=== COLLECTED DATA ===
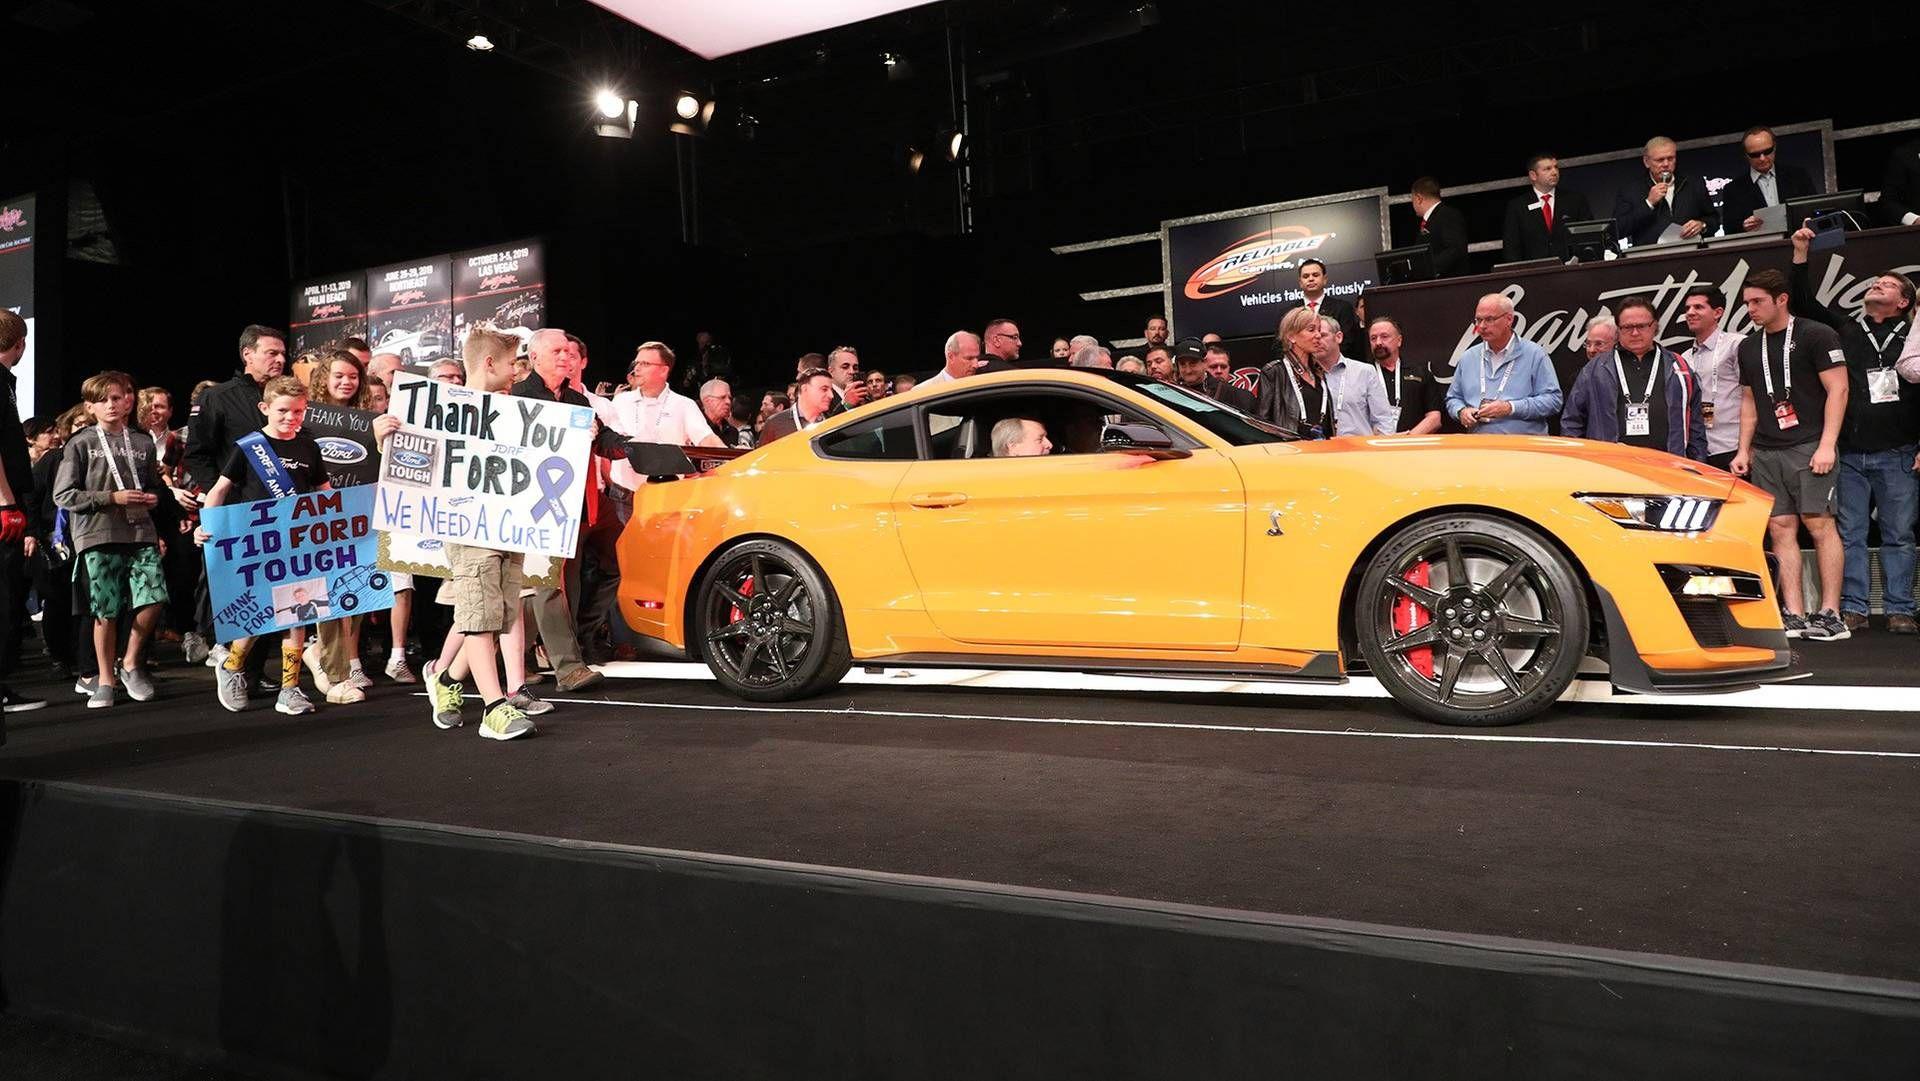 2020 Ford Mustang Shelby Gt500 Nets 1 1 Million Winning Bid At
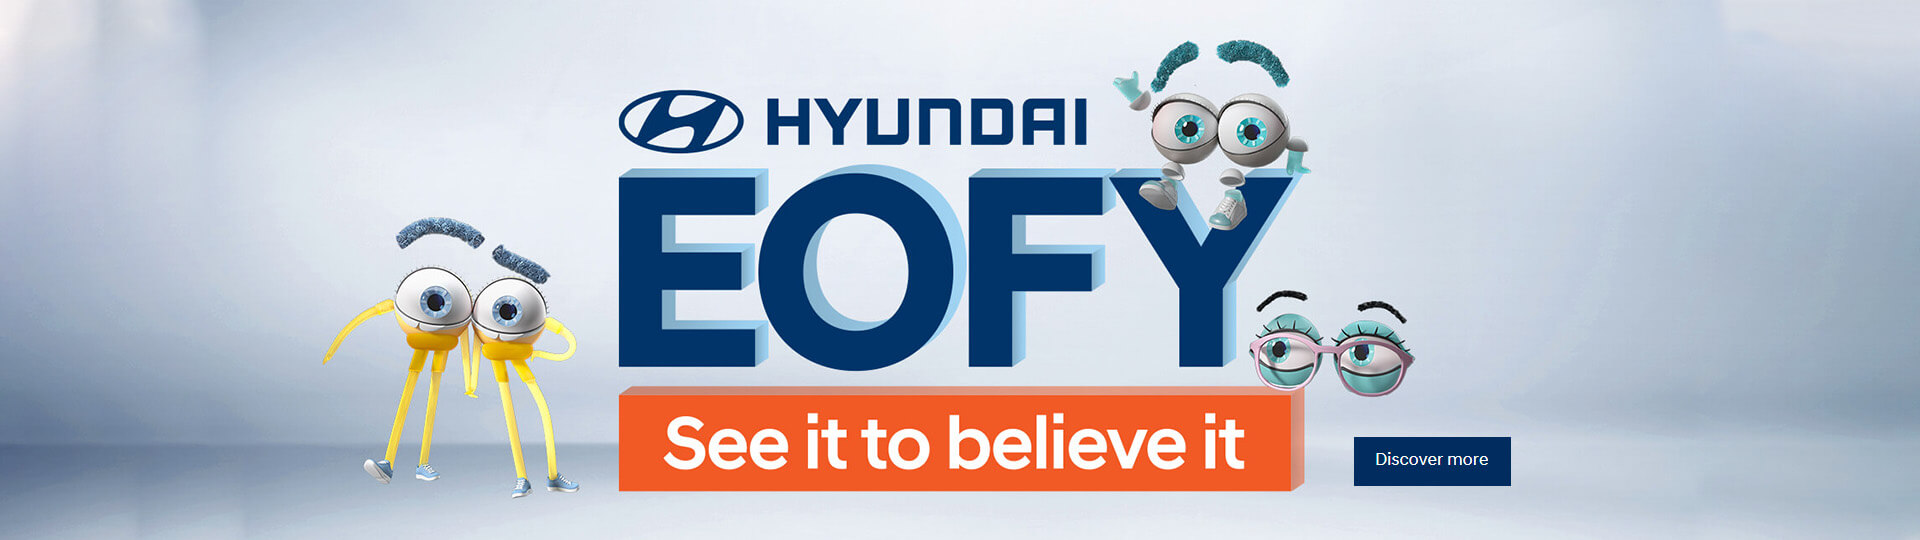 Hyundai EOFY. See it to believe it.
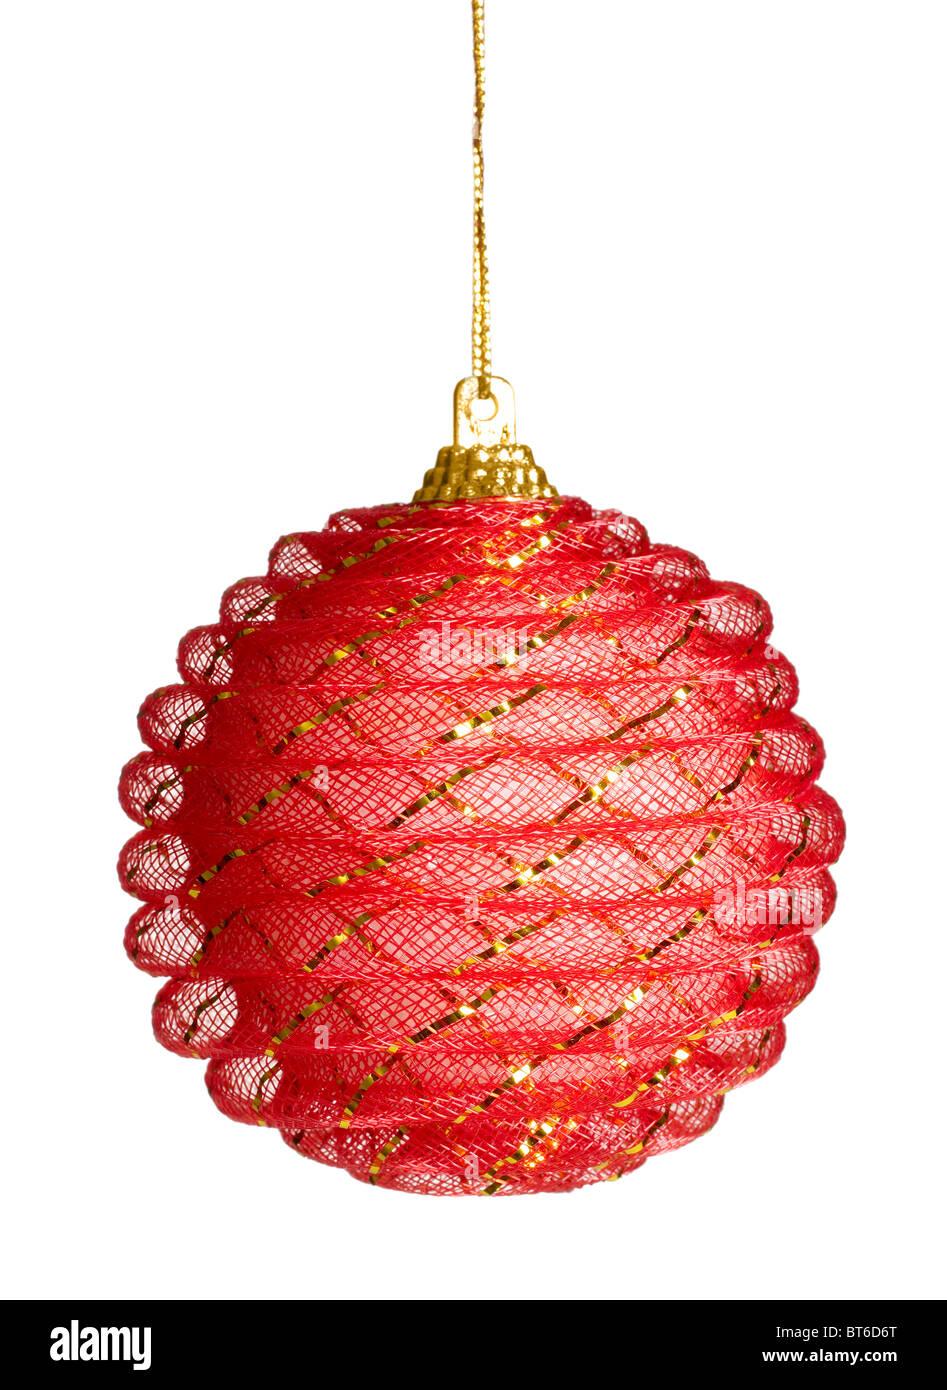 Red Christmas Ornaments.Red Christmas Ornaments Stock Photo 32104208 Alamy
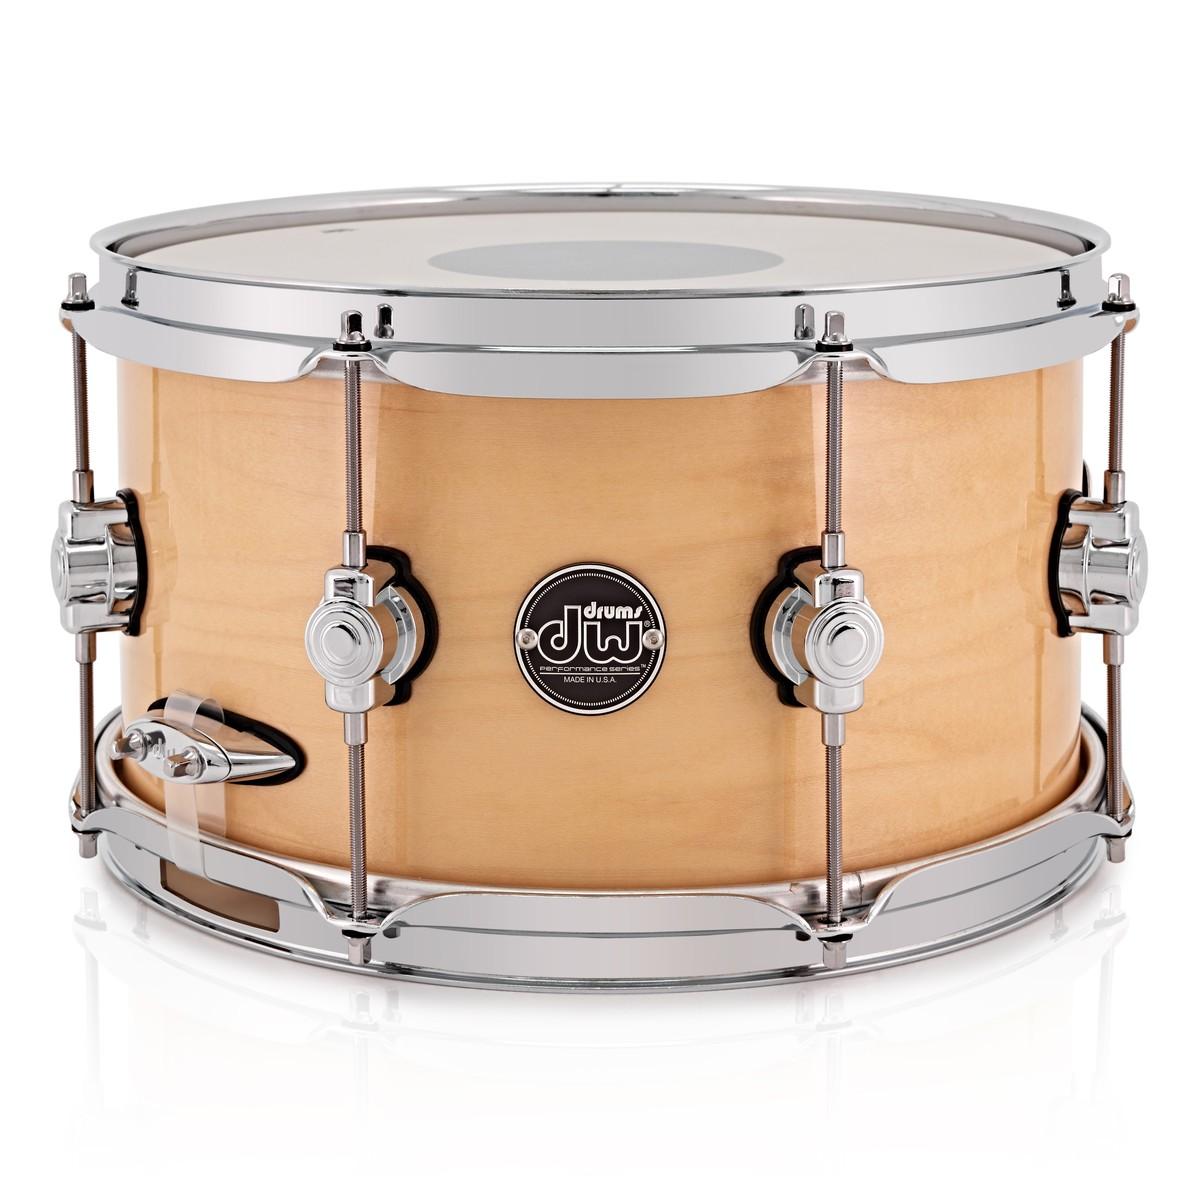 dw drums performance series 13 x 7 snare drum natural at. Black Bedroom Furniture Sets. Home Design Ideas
===
__REQUIRED ACTION__:
Copy exactly, and only, the lines from the line containing "Hyundai EOFY. See it to believe it." through the final line of the material above, with no pictures.

__ANSWER BELOW__:
 Hyundai EOFY. See it to believe it.
 Red Christmas Ornaments.Red Christmas Ornaments Stock Photo 32104208 Alamy
 dw drums performance series 13 x 7 snare drum natural at. Black Bedroom Furniture Sets. Home Design Ideas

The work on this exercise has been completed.